Green’s Dictionary of Slang

domestic n.

1. an argument or fight between a couple who live together.

[Aus]W.A. Sun. Times (Perth) 18 Aug. 1/1: A terrible domestic was narrowly averted last week at a Cannington ‘picnic’ hotel. The ‘hot water’ supplied by the proprietor was nothing to the hot water the gay Lothario got into.
[UK]T.K. Martin Z Cars (1963) 38: If it’s dry, it’s the drunks and domestics.
[UK]G.F. Newman Villain’s Tale 54: He loved his wife very much, despite their occasional bits of domestic.
[UK]J. McClure Spike Island (1981) 116: It was always domestics: he’d strangled her, she’d ’it ’im with the fryin’-pan or somethin’.
[UK]M. Dibdin Dark Spectre (1996) 43: Wayne and Dawn have been duking it out again, which is why the call went out as a domestic.
[Scot]I. Rankin Falls 262: It turned out to be a ‘domestic’, that handy euphemism when victims were killed by their loved ones.
[Scot]V. McDermid Out of Bounds (2017) 33: ‘Did you hear they had a murder last night?’ [...] ‘A domestic?’ [...] ‘No [...] the victim wasn’t in any kind of relationship’.
[Aus]C. Hammer Silver [ebook] ‘Fights and brawls and domestics, sure [...] but murder? Sheesh’.

2. any problems accruing to one’s home (rather than criminal / professional) life.

[UK]P. Fordham Inside the Und. 35: My money was being cut off and there was domestic.

In compounds

domestic engineer (n.)

(Aus.) a housewife.

[Aus]Traralgon Record (Vic.) 22 jan. 2/2: The Thomas S. Clarkson School of Technology confers a degree of ‘bachelor of science in domestic engineering’ upon young women who complete the course in household sciences. [...] No grim bacilli could get by / If you were watching near. / Priscilla, oh, say you’ll be my / Domestic Engineer .
[Aus]Aus.
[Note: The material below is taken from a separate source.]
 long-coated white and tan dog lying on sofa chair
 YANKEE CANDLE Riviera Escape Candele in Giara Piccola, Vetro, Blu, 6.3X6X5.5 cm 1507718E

Women’s Wkly 29 Jan. 26/3: I can never understand those women who bridle at being called housewives. For myself I much prefer the word to that of homemaker, which to me sounds smug and far too syrupy. If we must modernise it, I think the word most fitting is ‘Domestic Engineer’ - because if we aren’t engineering the washing-machine, we’re engineering our husbands into doing the washing-up .
[Aus]Aus. Women’s Wkly 26 Apr. 33/3: My version of ‘housewife,’ or ‘home duties,’ when filling in one’s occupation on various forms: As the female partner of my household I always give my occupation as ‘domestic engineer,’ which duties I carry out faithfully, engineering all domestic problems.
Redheads (Wagga Wagga) 5 July 🌐 I am currently employed as a Domestic Engineer .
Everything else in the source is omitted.